Leidet ein Verwaltungsakt unter einem nach den §§ 41 und 42 SGB X beachtlichen Fehler, ist der Verwaltungsakt zwar rechtswidrig, aber trotzdem wirksam. Jedoch kann der Betroffene die Aufhebung des Verwaltungsakts verlangen. Führt ein Fehler dagegen nach § 40 SGB X zur Nichtigkeit des Verwaltungsakts, ist dieser nach § 39 Abs. 3 SGB X von Anfang an unwirksam, ohne dass es dazu einer Aufhebung durch die Behörde oder durch das Gericht bedarf. Das heißt nur besonders schwerwiegende Fehler im Sinne von § 40 SGB X machen einen Verwaltungsakt nicht nur rechtswidrig, sondern zugleich nichtig. Die übrigen Fehler machen einen Verwaltungsakt nur rechtswidrig, er bleibt aber bis zu seiner Aufhebung im Rahmen der Anfechtung wirksam (Pattar in: Schlegel/Voelzke, jurisPK-SGB X, 3. Aufl., § 40 SGB X (Stand: 13.03.2024), Rn. 13).

51

Nach Maßgabe dieser Voraussetzungen kann dahinstehen, ob es sich bei dem Bescheid vom 25.02.2023 wie die Beklagte meint um einen voll automatisierten Bescheid handelt, der ohne Unterschrift wirksam ist, was der Kläger bestreitet, oder ob ein schriftlicher Verwaltungsakt vorliegt, denn offenkundig lässt der Forderungsbescheid vom 23.04.2023 die ausstellende Behörde – Barmer – erkennen.

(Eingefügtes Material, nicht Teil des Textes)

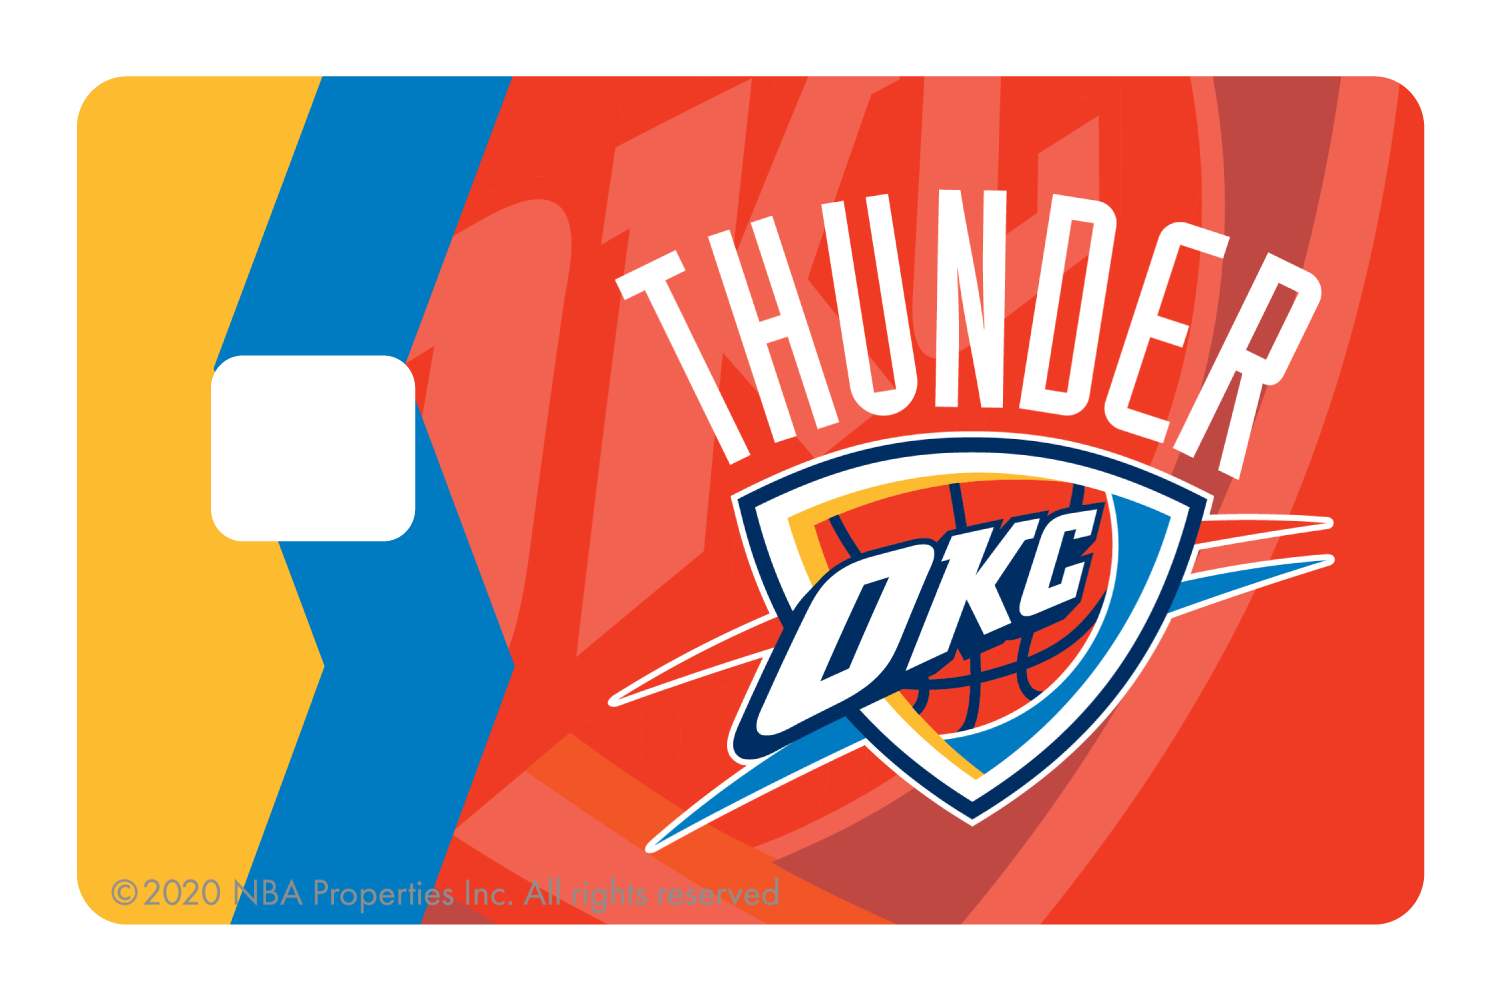 Oklahoma City Thunder: Crossover

In Abweichung zu §33 Abs.3 SGB X ist in § 40 Abs. 2 Nr. 1 SGB X die fehlende Unterschrift nicht als Nichtigkeitsgrund aufgeführt. Fehlt nur die Unterschrift des Behördenleiters, seines Vertreters oder seines Beauftragten, ist der Verwaltungsakt also nicht nach § 40 Abs. 2 Nr. 1 SGB X nichtig. Er ist auch nicht nach Abs. 1 nichtig, weil die fehlende Unterschrift nach der Wertung des Abs. 2 Nr. 1 nicht als offensichtlicher schwerwiegender Fehler angesehen werden kann, solange die erlassende Behörde trotzdem erkennbar ist (Pattar in: Schlegel/Voelzke, jurisPK-SGB X, 3. Aufl., § 40 SGB X (Stand: 13.03.2024), Rn. 44). Auch ist der Bescheid hinreichend bestimmt, denn die sich aus ihm ergebenden Rechtsfolgen sind für den Kläger als Adressat klar erkennbar (Höhe der geltend gemachten Forderung, Zeitraum, der Forderungsentstehung und der hierauf festgesetzten Mahngebühren).

52

Ein Fall der Nichtigkeit, der gemäß § 40 Abs.3 SGB X nur dann vorläge, wenn die ausstellende Behörde nicht erkennbar ist, liegt damit nicht vor. Die fehlende Nennung des Namens des Behördenleiters macht den Bescheid zwar wie dargelegt u.U. rechtswidrig, aber eben nicht nichtig. Die Klage geht damit soweit sie auf die Feststellung der Nichtigkeit des Bescheides gerichtet ist ins Leere. Die Berufung ist auch insoweit unbegründet.

53

E.

54

Soweit der Kläger stets erneut auf die Vorschriften zur Signatur elektronischer Verwaltungsakte und die Speichermöglichkeit elektronischer Verwaltungsakte bei dem Adressaten des Bescheides sowie auf die Formvorschriften für elektronische Verwaltungsakte hinweist, so führt dies zu keinem anderen Ergebnis, da etwaige Formfehler in der Unterschrift des Bescheides wie dargelegt nicht zu dessen Nichtigkeit, sondern allenfalls zur Rechtswidrigkeit des Bescheides führen, die jedoch nur in einem Widerspruchsverfahren und ggf. anschließenden Klageverfahren hätte geprüft werden können. Auf die Ausführungen des SG wird insoweit Bezug genommen.

55

F.

56

Die Kostenentscheidung folgt aus § 193 Abs. 1 S. 1 SGG.

57

G.

58

Gründe, die Revision zuzulassen (§ 160 Abs. 2 SGG), bestehen nicht.